We’re slaves of our century, the slave ship a place 
To humiliation, abuse, and disdain.
Respect was abandoned, the Holy Koran
Downtrodden there with us. Their madness, a plan
To torture us, beat us, encouraged by drink—
Send priests with their cross to save us, they think.
They take us to Cuba, pursue without qualm 
Crusades of injustice, their war on Islam.

“The Man Without A Country” is a jingoist fable from Nathan Hale that many of us were once subjected to in school. A member of Aaron Burr’s purported treason cabal explodes during his trial: “Damn the United States! I wish I may never hear of the United States again!” He receives his wish when he is sentenced by the judge to perpetual exile aboard US Navy warships, never to again set foot on US soil, no word of the US ever to be uttered in his presence.
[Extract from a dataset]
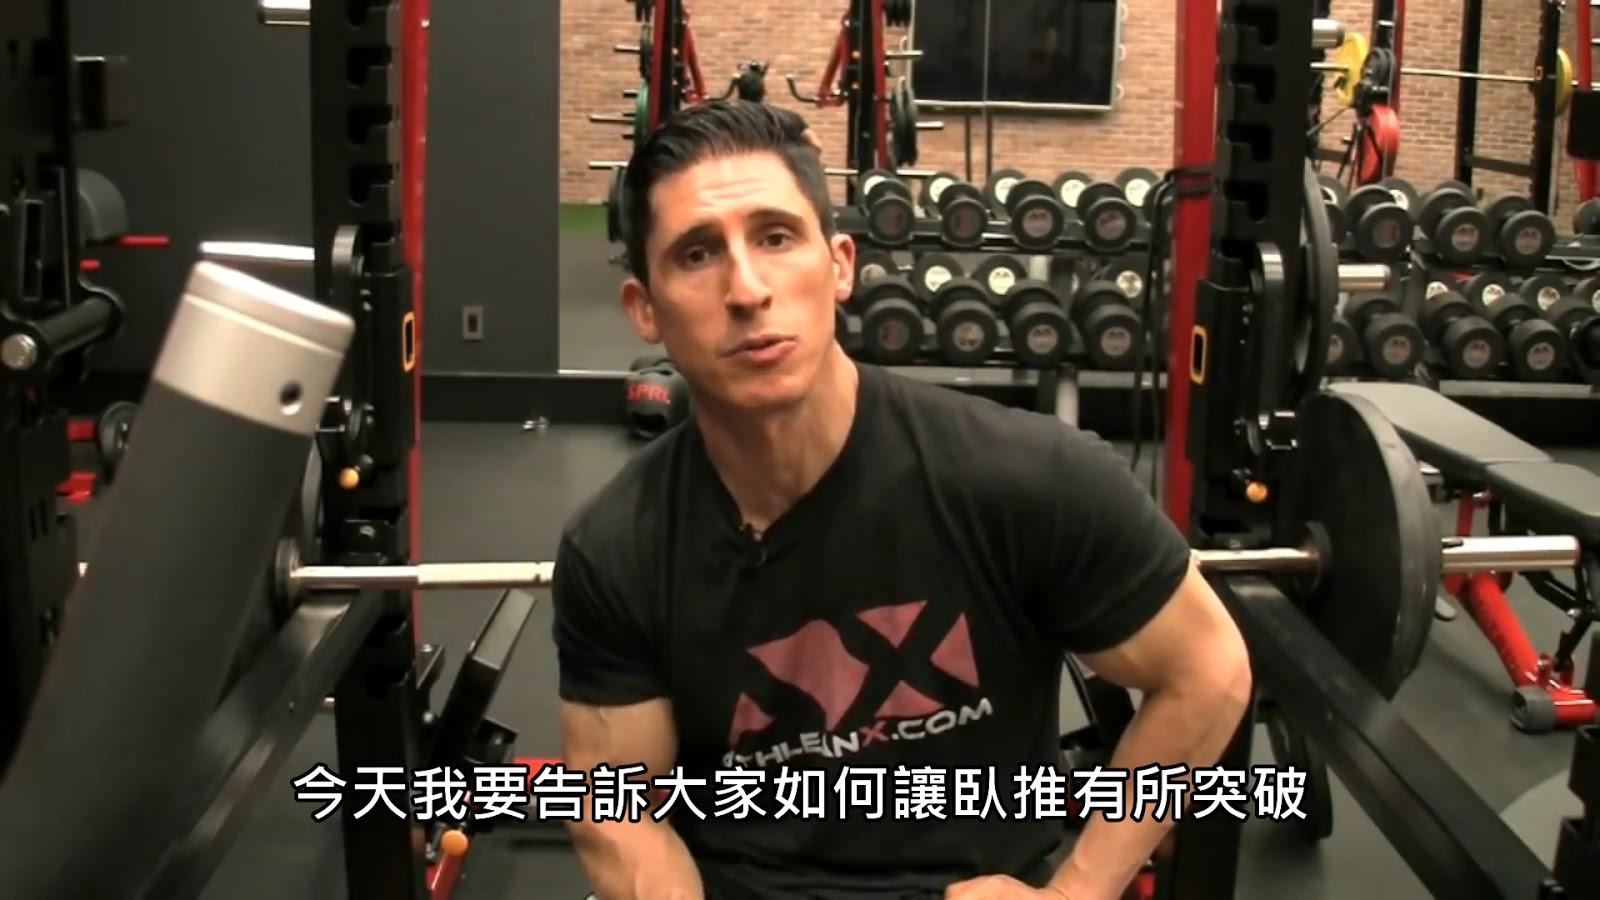 Fitting Room TW: 讓臥推有所突破的訓練流程 (中文字幕)

As the years pass, he eventually becomes repentant, then pathetic, and finally pathological. He ultimately bombards all and sundry with uber-patriotic explosions—”there is the Country Herself, your Country, and you belong to her as you belong to your own mother. Stand by her, boy, as you would stand by your mother!”—and obsessively transforms his cabin into a veritable shrine to the US. Finally, he expires happily, after a kindly officer has told him all that happened since his sentence, in his now-beloved country.

Today, thanks to BushCo and the War on Terra, Gharani is only one of many, many men transformed into a very different sort of man without a country. Somehow I doubt that those who so transformed them will die as repentant as did Hale’s belated hero.